**** Records supplied ****
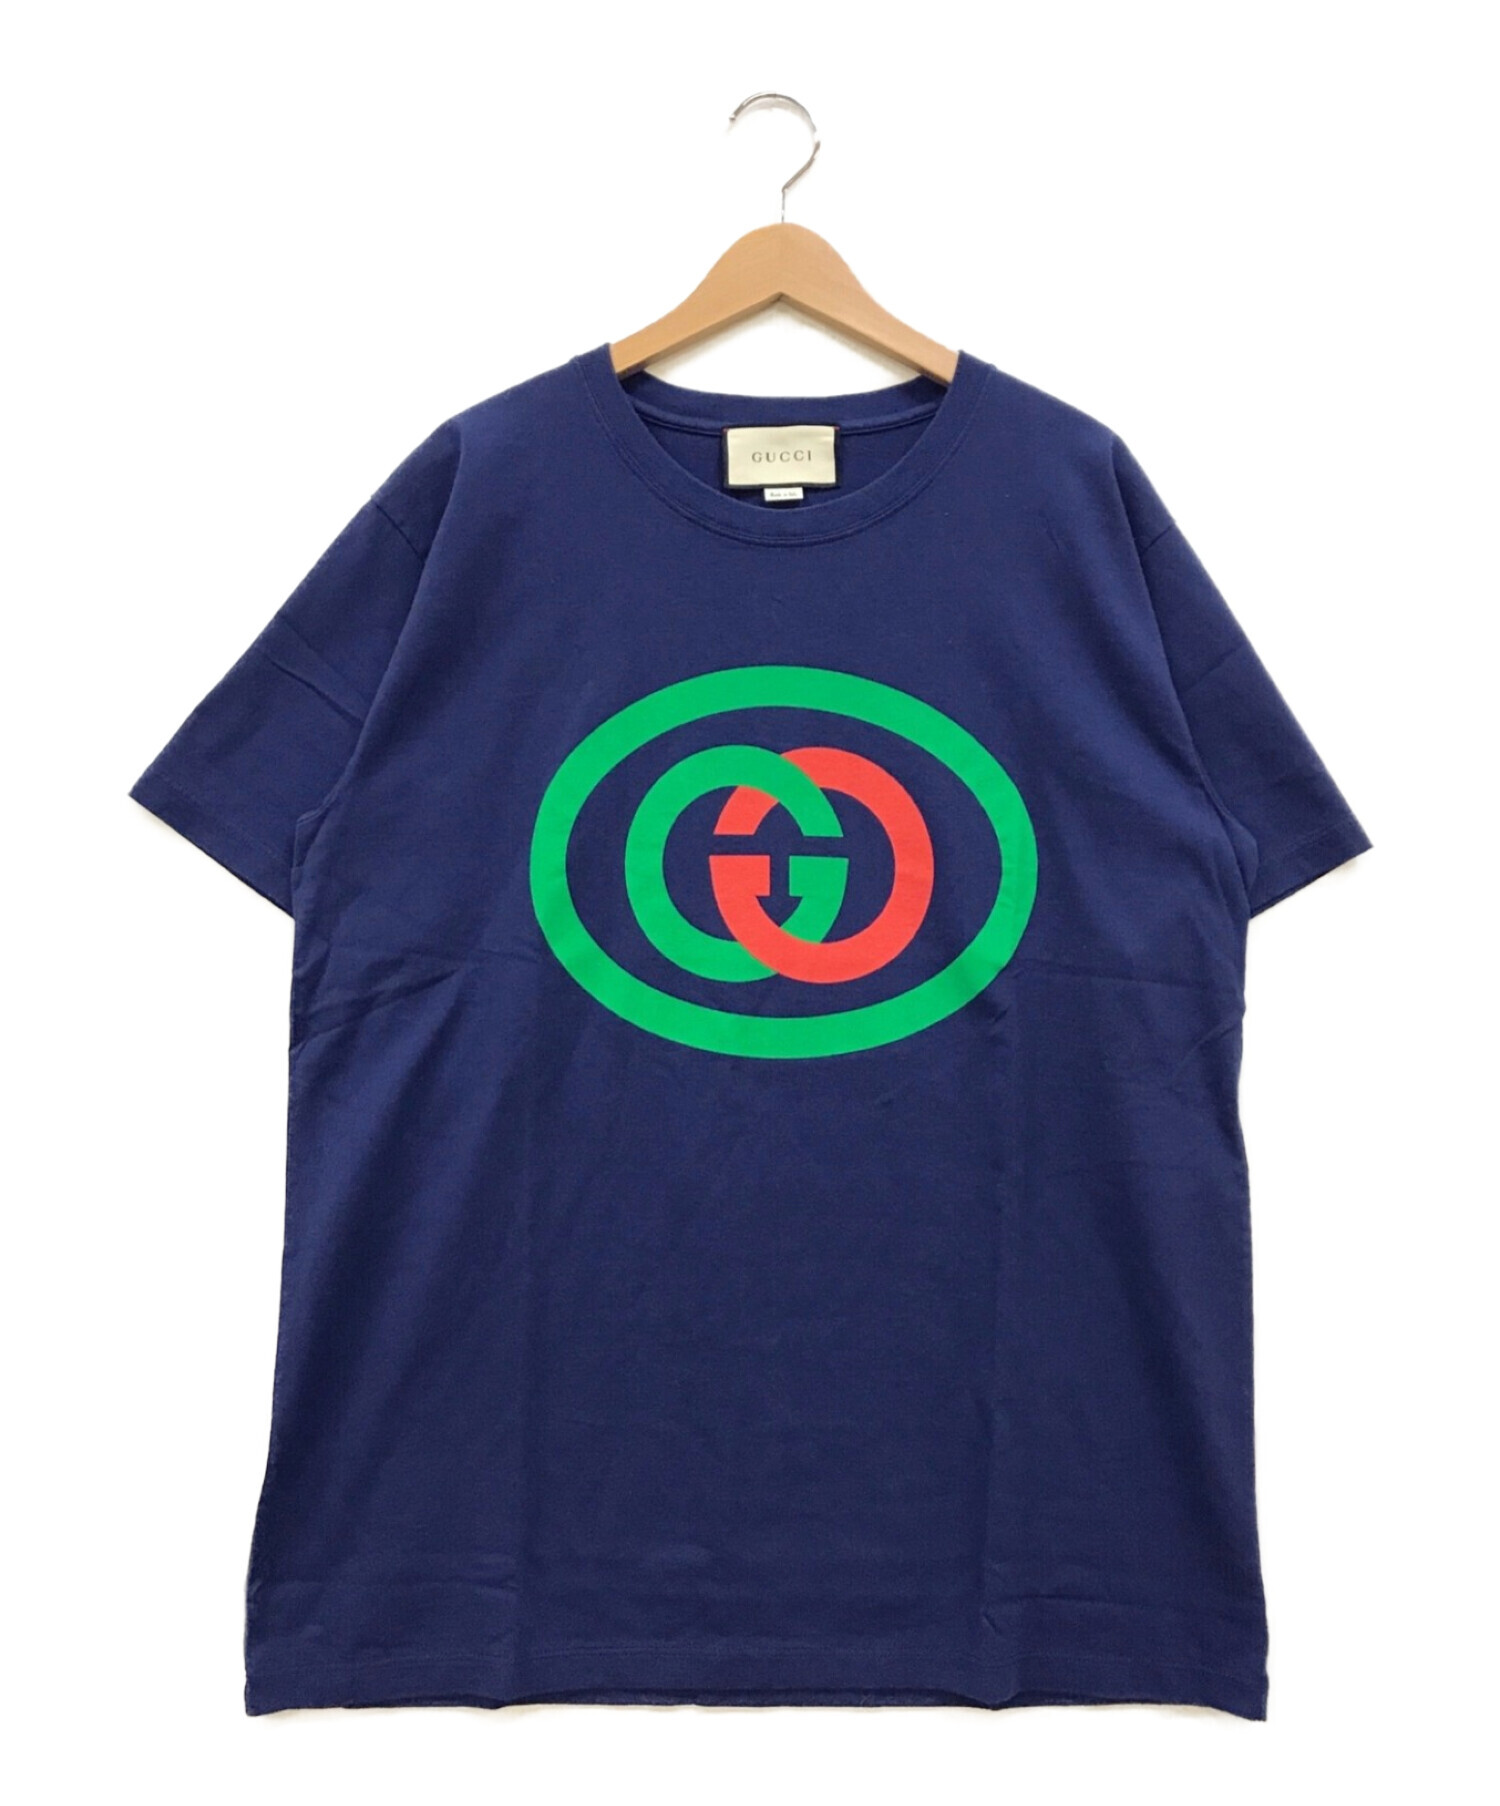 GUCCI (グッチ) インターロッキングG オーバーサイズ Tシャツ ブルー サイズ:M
****
**** Records supplied ****
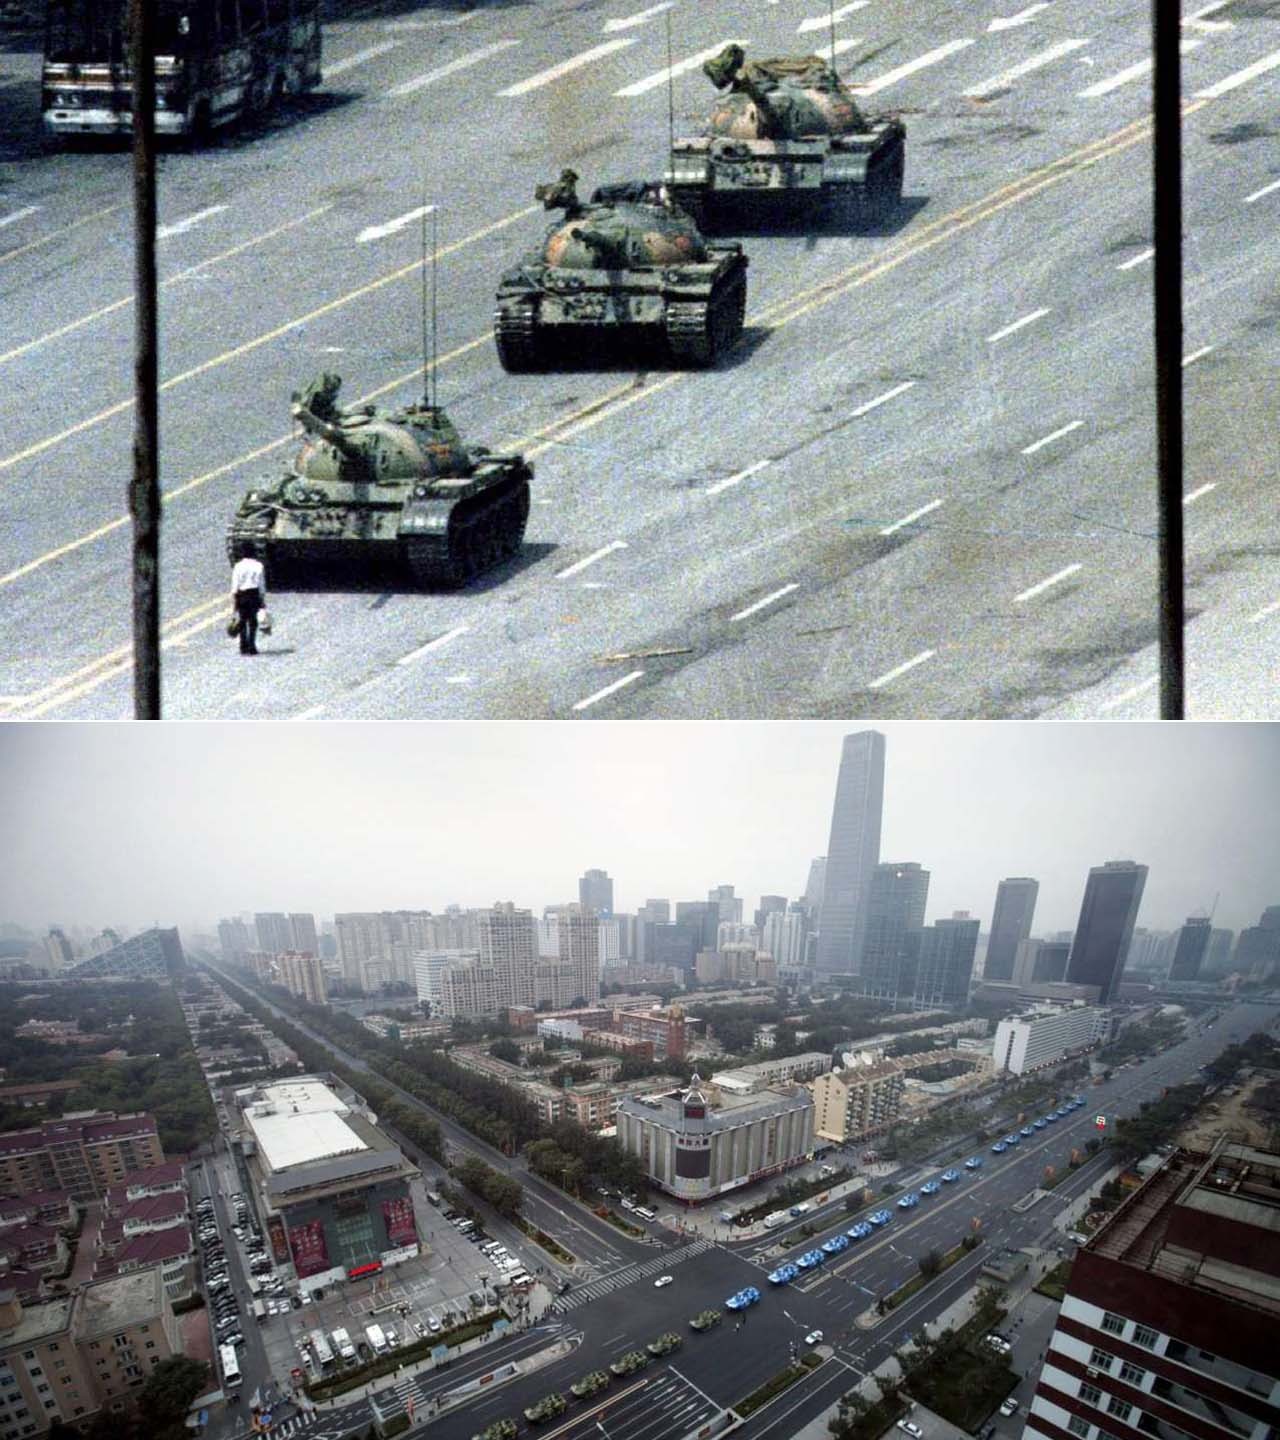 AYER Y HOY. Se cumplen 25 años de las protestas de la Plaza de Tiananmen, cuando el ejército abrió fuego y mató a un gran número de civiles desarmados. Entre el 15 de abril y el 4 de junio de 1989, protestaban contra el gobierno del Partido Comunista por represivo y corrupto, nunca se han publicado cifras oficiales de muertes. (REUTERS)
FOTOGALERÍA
****
* Exercise
Using the entries above, transcribe exactly from the line that has "AYER Y HOY." through the line that has "FOTOGALERÍA". Pictures are dropped.

* Solved exercise
 AYER Y HOY. Se cumplen 25 años de las protestas de la Plaza de Tiananmen, cuando el ejército abrió fuego y mató a un gran número de civiles desarmados. Entre el 15 de abril y el 4 de junio de 1989, protestaban contra el gobierno del Partido Comunista por represivo y corrupto, nunca se han publicado cifras oficiales de muertes. (REUTERS)
FOTOGALERÍA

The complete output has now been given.